**Data**
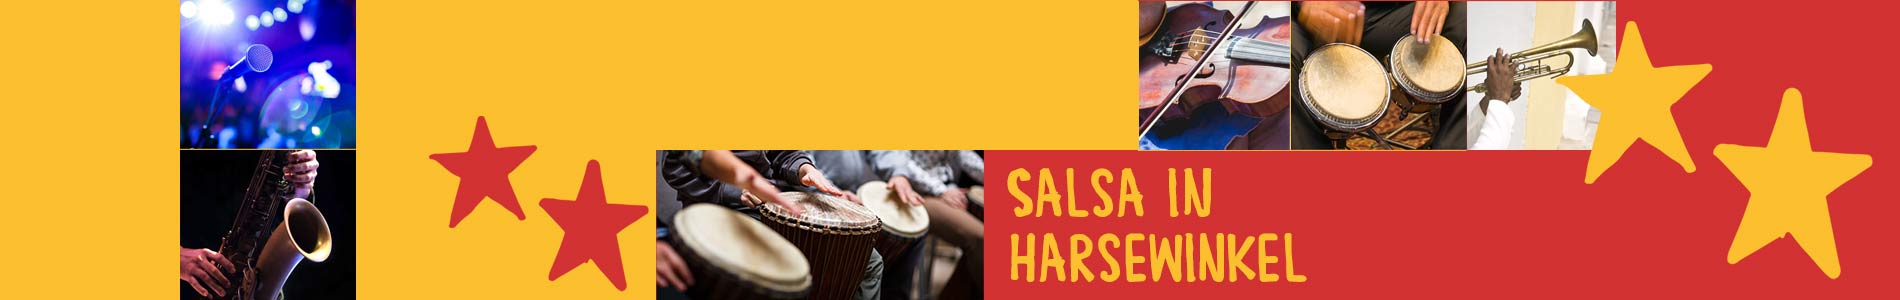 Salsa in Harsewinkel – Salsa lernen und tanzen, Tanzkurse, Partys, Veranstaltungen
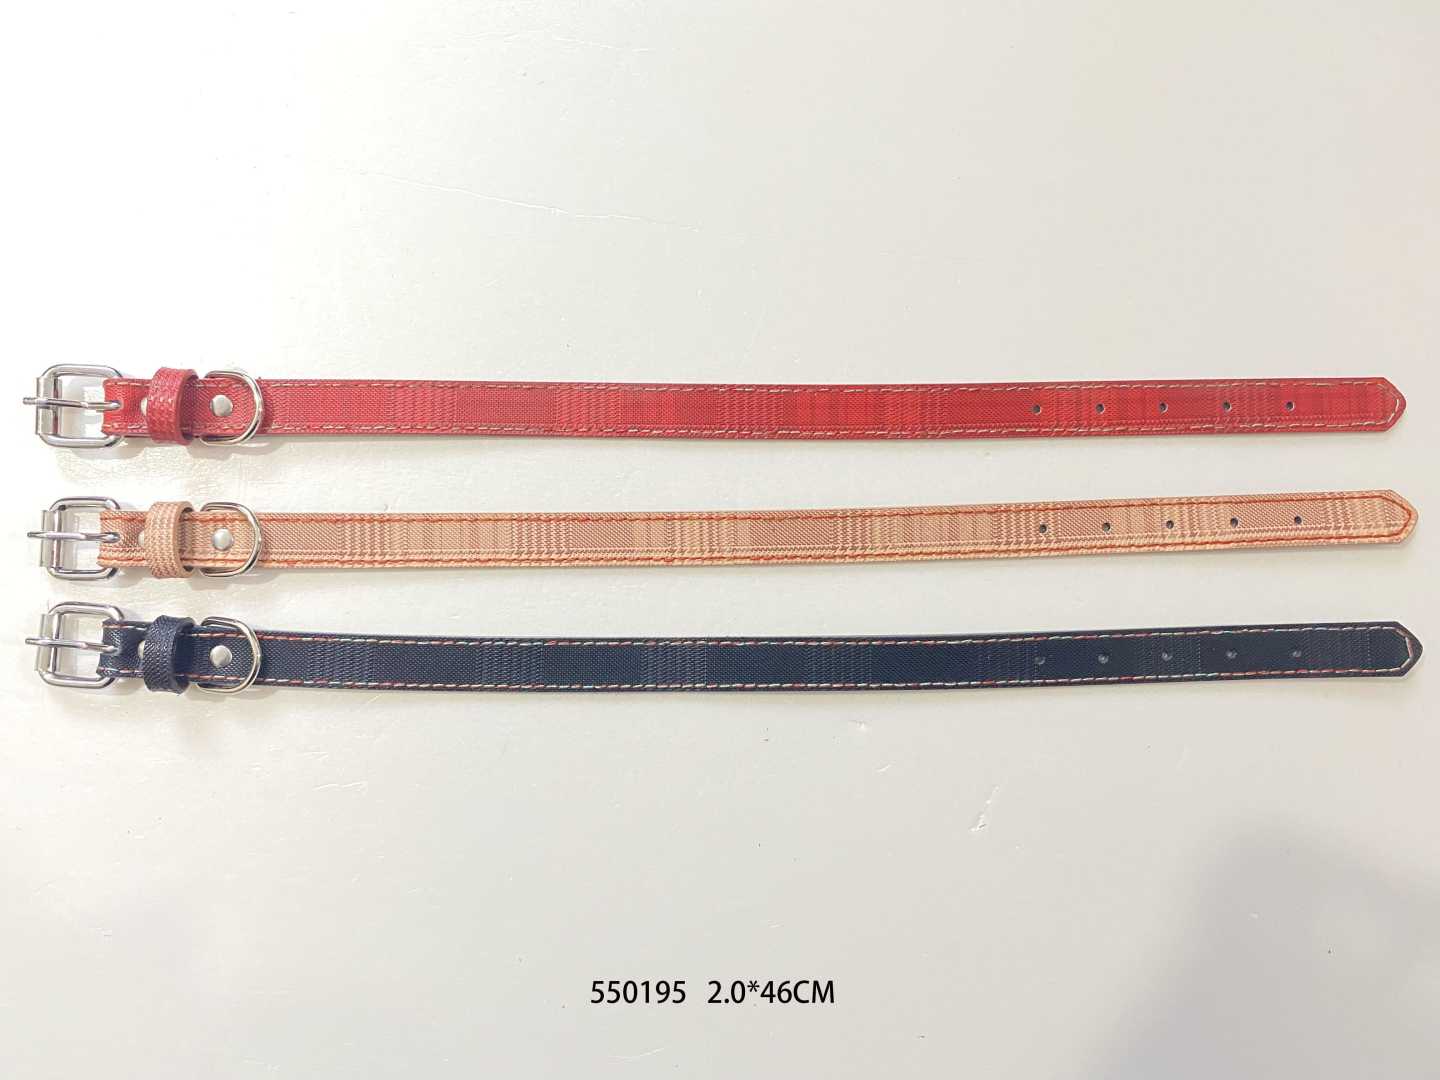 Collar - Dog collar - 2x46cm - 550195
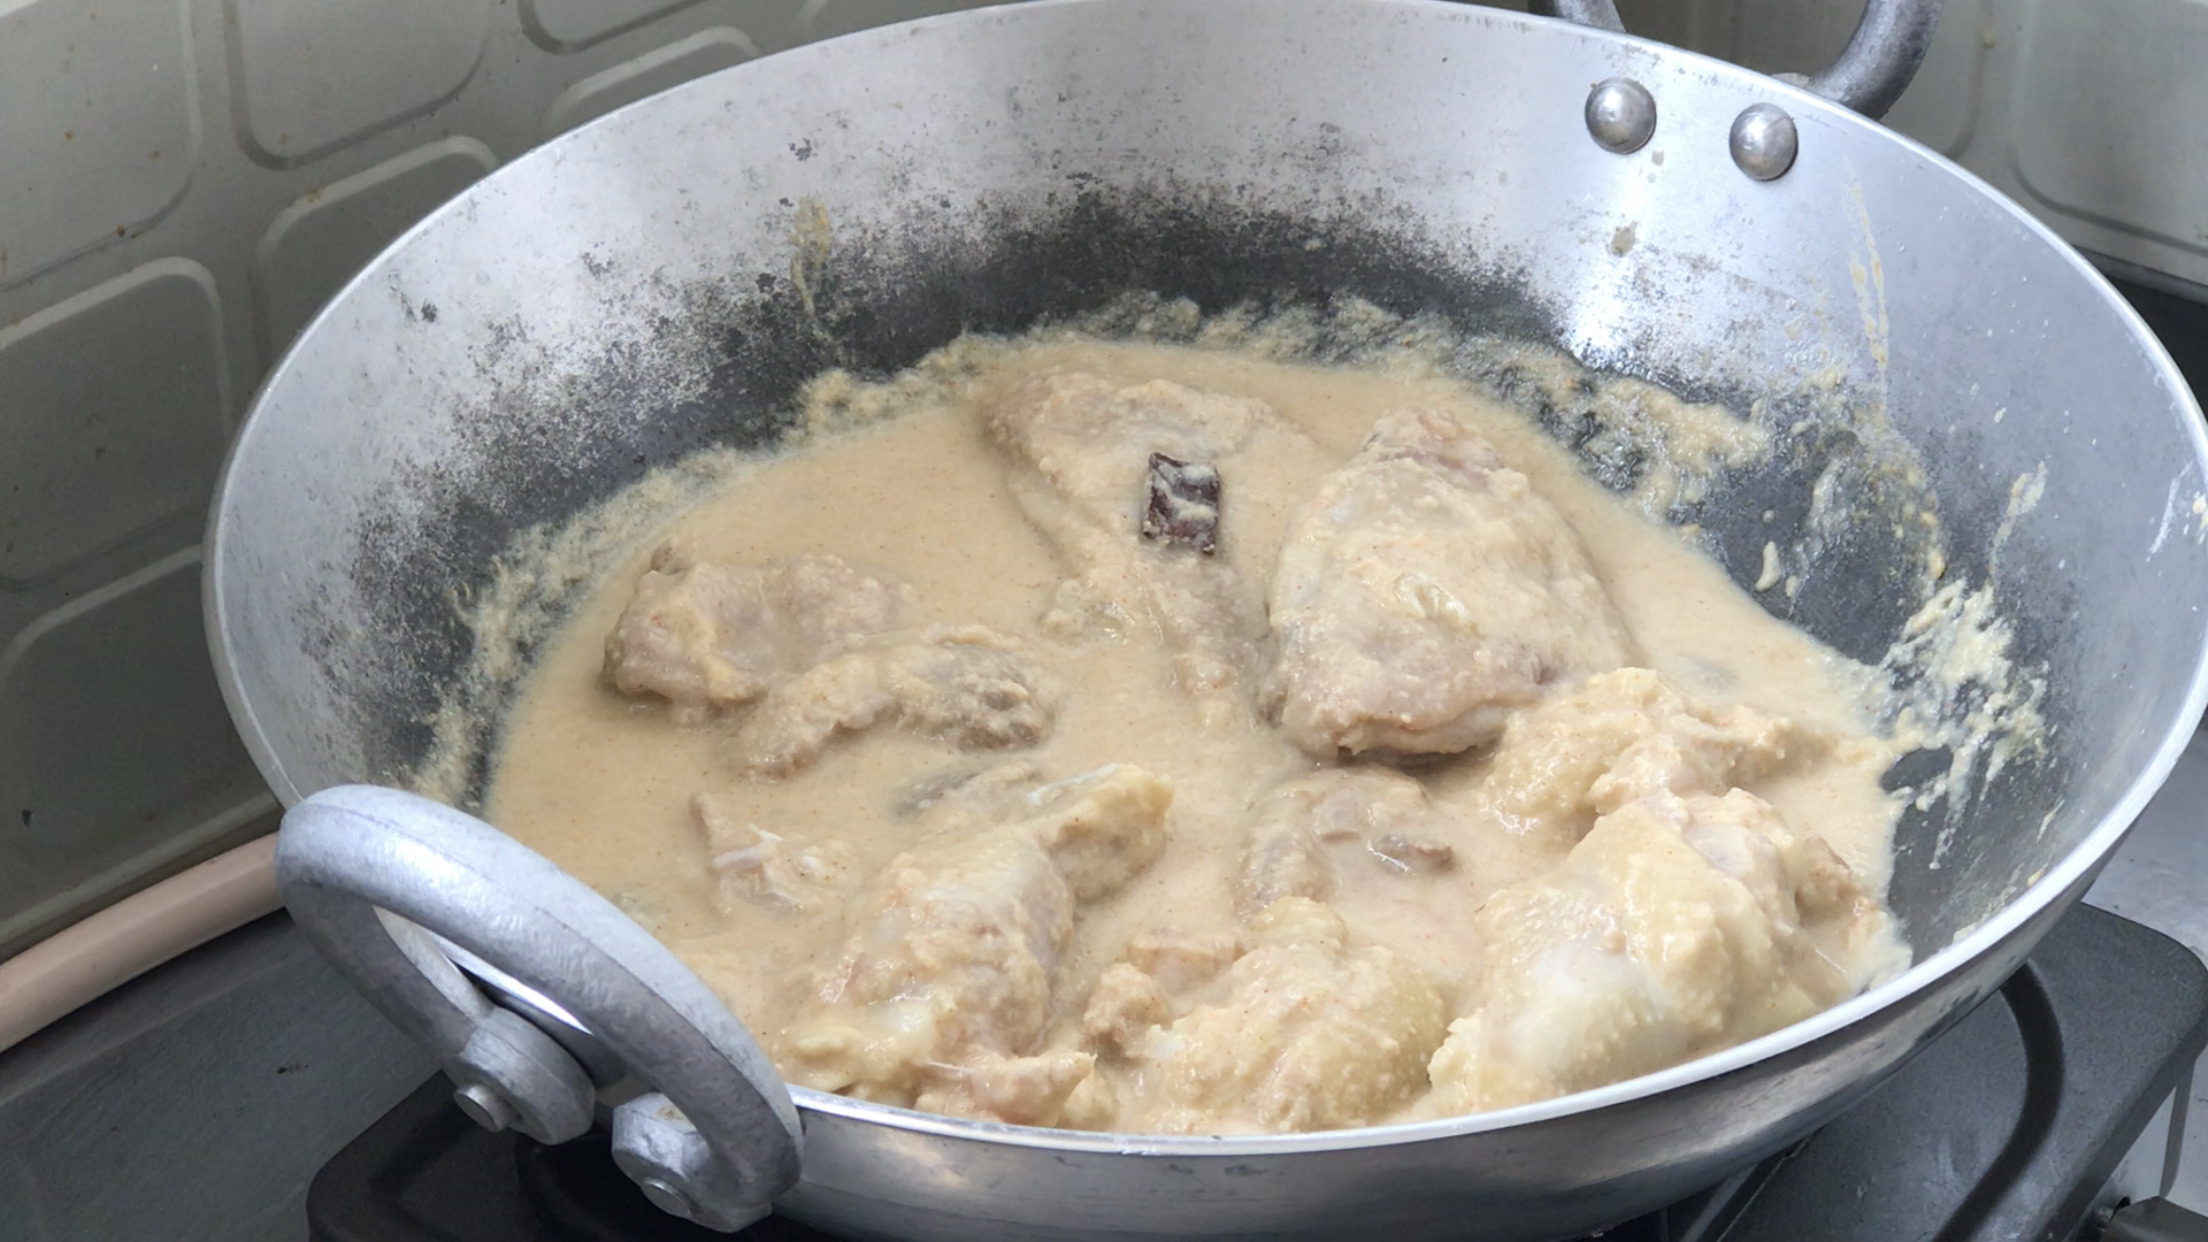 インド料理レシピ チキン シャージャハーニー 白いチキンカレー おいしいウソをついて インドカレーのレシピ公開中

**What to produce**
Output the lines above in full and exactly as given, omitting any pictures.

**Expected answer**
 Salsa in Harsewinkel – Salsa lernen und tanzen, Tanzkurse, Partys, Veranstaltungen
 Collar - Dog collar - 2x46cm - 550195
 インド料理レシピ チキン シャージャハーニー 白いチキンカレー おいしいウソをついて インドカレーのレシピ公開中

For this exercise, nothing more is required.